**SUPPLIED INFORMATION:**
= Beginning of Section =

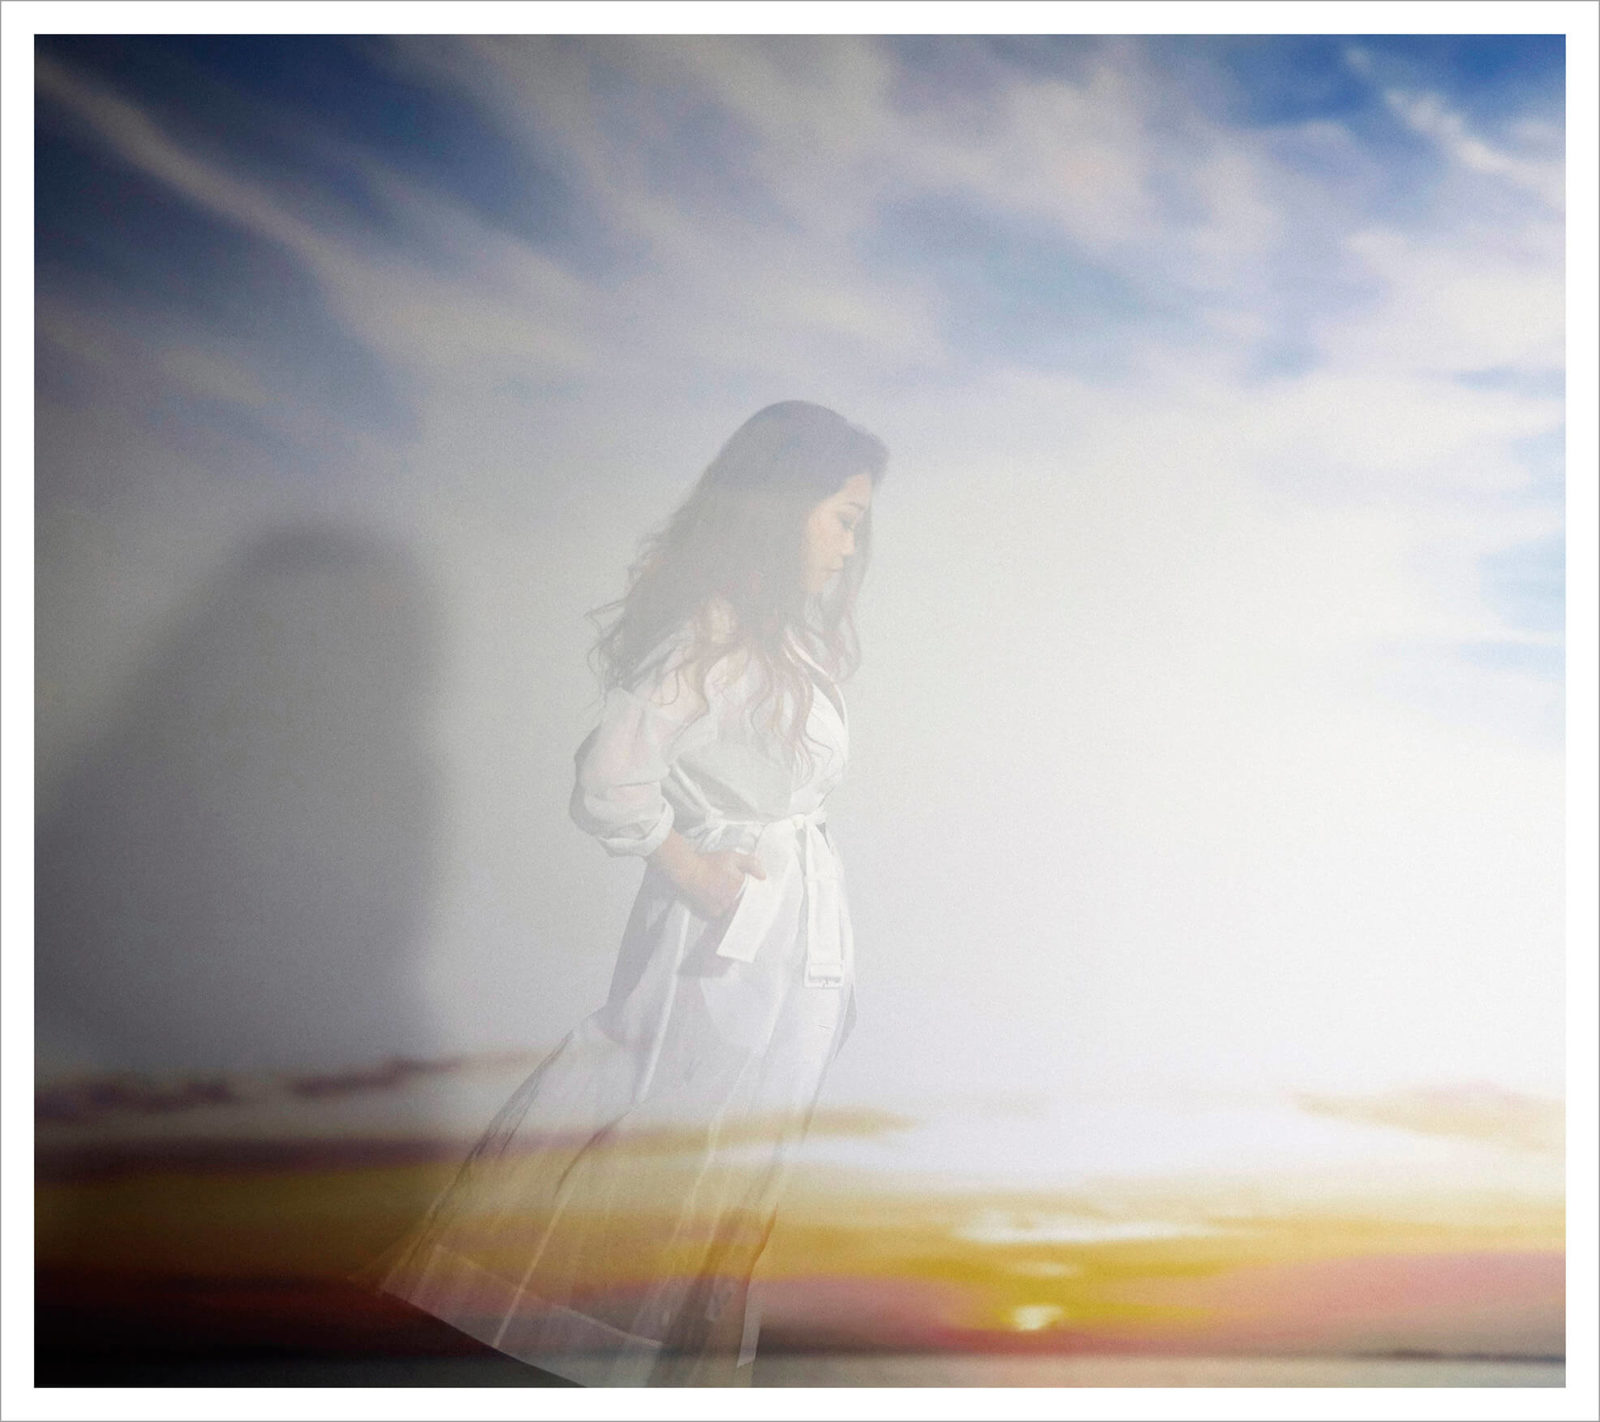 JUJU、新曲「ミライ」MVが期間限定でフル公開サムネイル画像
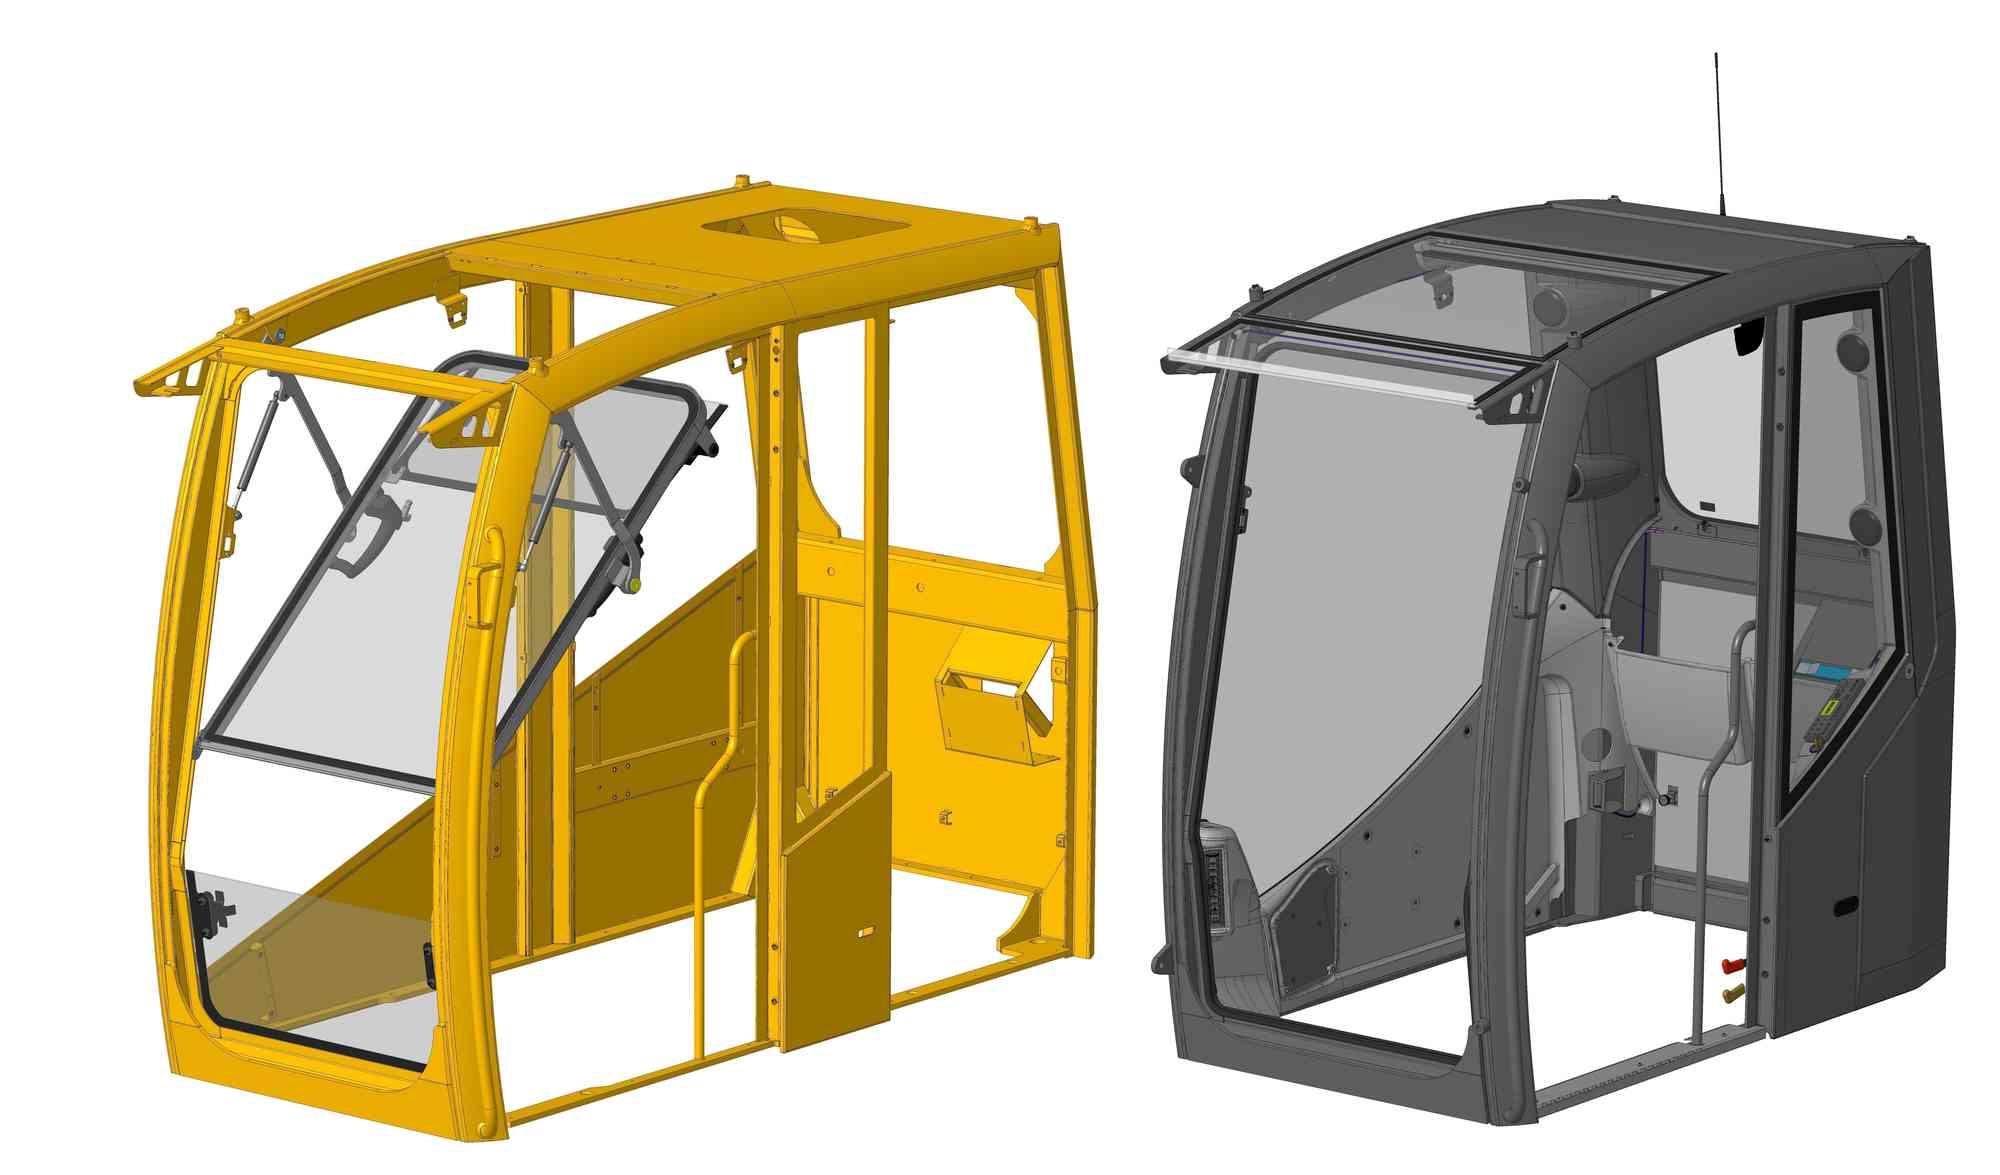 Cabine graafmachine visionengineering for 3d interieur ontwerp
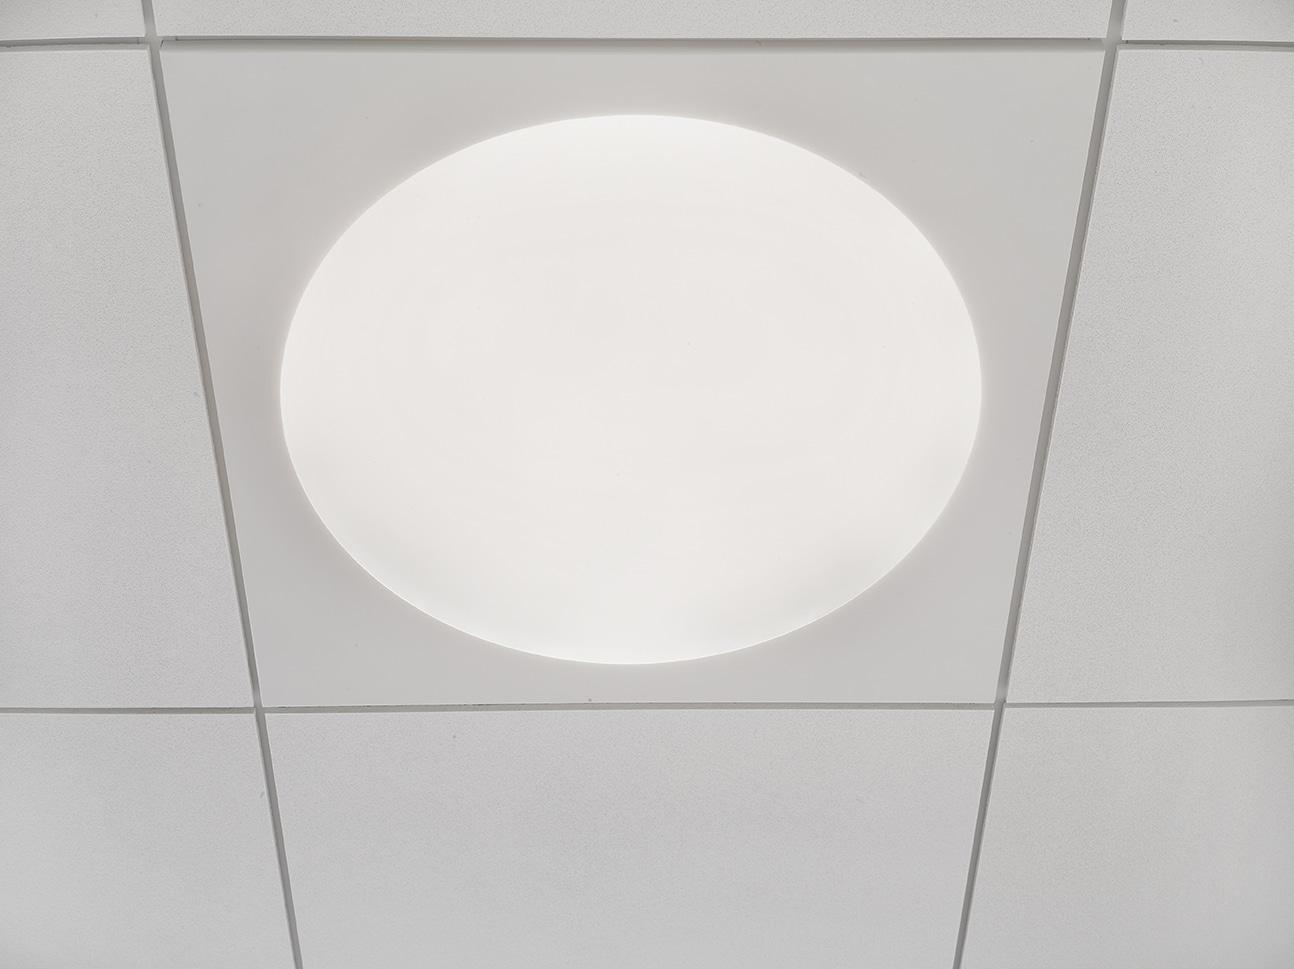 Ledgo circle panel lampe monteret i gips loft hos Odense Katedralskole nærbillede - Luminex

= End of Section =

**REQUIREMENT:**
The range to transcribe runs from the line holding "Cabine graafmachine visionengineering" through the final line of the data above; copy it exactly and exclude the pictures.

**ANSWER BELOW:**
 Cabine graafmachine visionengineering for 3d interieur ontwerp
 Ledgo circle panel lampe monteret i gips loft hos Odense Katedralskole nærbillede - Luminex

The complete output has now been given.